The state Department of Health and Human Resources spends millions of dollars on overtime at two state-run psychiatric hospitals and asks staffers to work 16-hour shifts on consecutive days, according to testimony and evidence presented Wednesday in Kanawha County Circuit Court.
DHHR also failed to comply with a 2009 court order that required the department to give more than $500,000 in raises to staffers who work with psychiatric patients.
Kanawha Circuit Judge Duke Bloom ordered DHHR to give the raises after he heard testimony during Wednesday's hearing. The hearing was meant to update Bloom on the so-called Hartley Case, a 1981 case that remains open and centers on the treatment of mental health patients in the state.
A staffer at William R. Sharpe Jr. Hospital in Weston said the hospital was suffering staff shortages because of vacancies. In turn, staffers are being asked to work long hours.
That's wearing down staff, said Jamie Beaton, the Sharpe staffer who testified.
"They get tired," Beaton said of coworkers. "They get short tempered, so to speak. They get a short fuse."

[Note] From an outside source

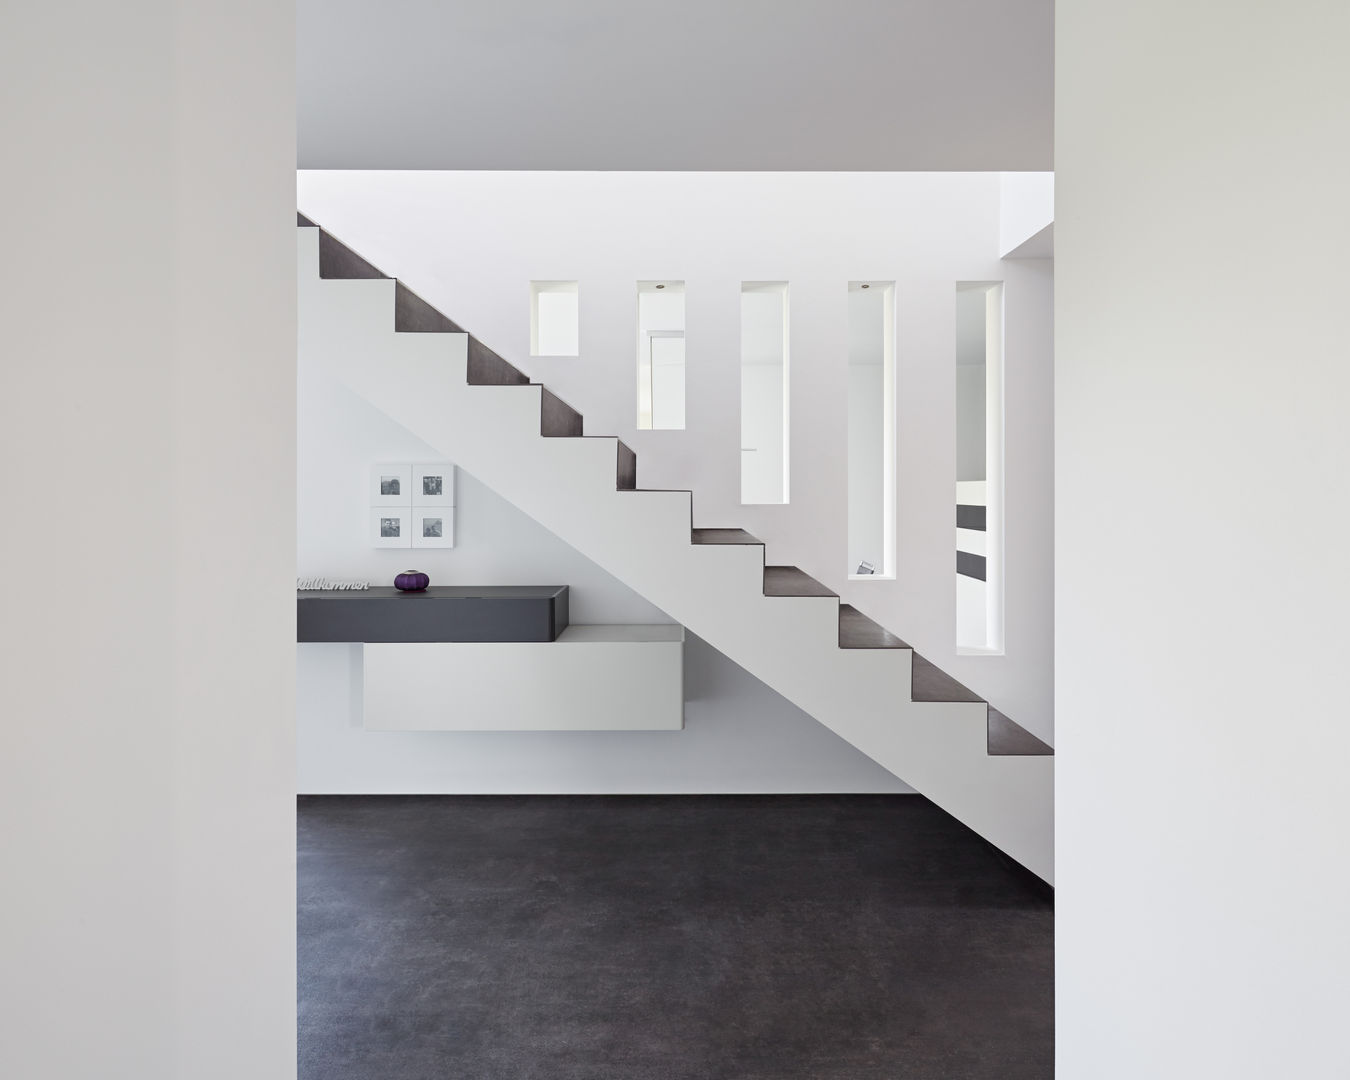 Einfamilienhaus in Schwalmtal bei Mönchengladbach, Fourmove Architekten Fourmove Architekten Modern corridor, hallway & stairs

Patient advocates and union officials contend the shortages exist because the state is underpaying its workers. They also say the shortages mean that patients are suffering from lower quality care. Beaton is a member of UE Local 170, which represents some state workers.
Data from Mildred Mitchell-Bateman Hospital in Huntington also shows staffers there are working long hours.
A report prepared by Bateman CEO Vickie Jones shows 21 staffers worked more than 56 hours apiece during one week in mid-August. Their normal workweek would be 40 if not for the overtime.
The report shows one staffer worked a 16-hour day on Sunday, Aug. 12; then 12 hours on Monday; then 16 hours on Tuesday; and then 12 hours on Wednesday. Another worked three 16-hour days in a row.
All of this costs money.
Jones said the state's overtime costs are "greater than $1 million" a year per hospital.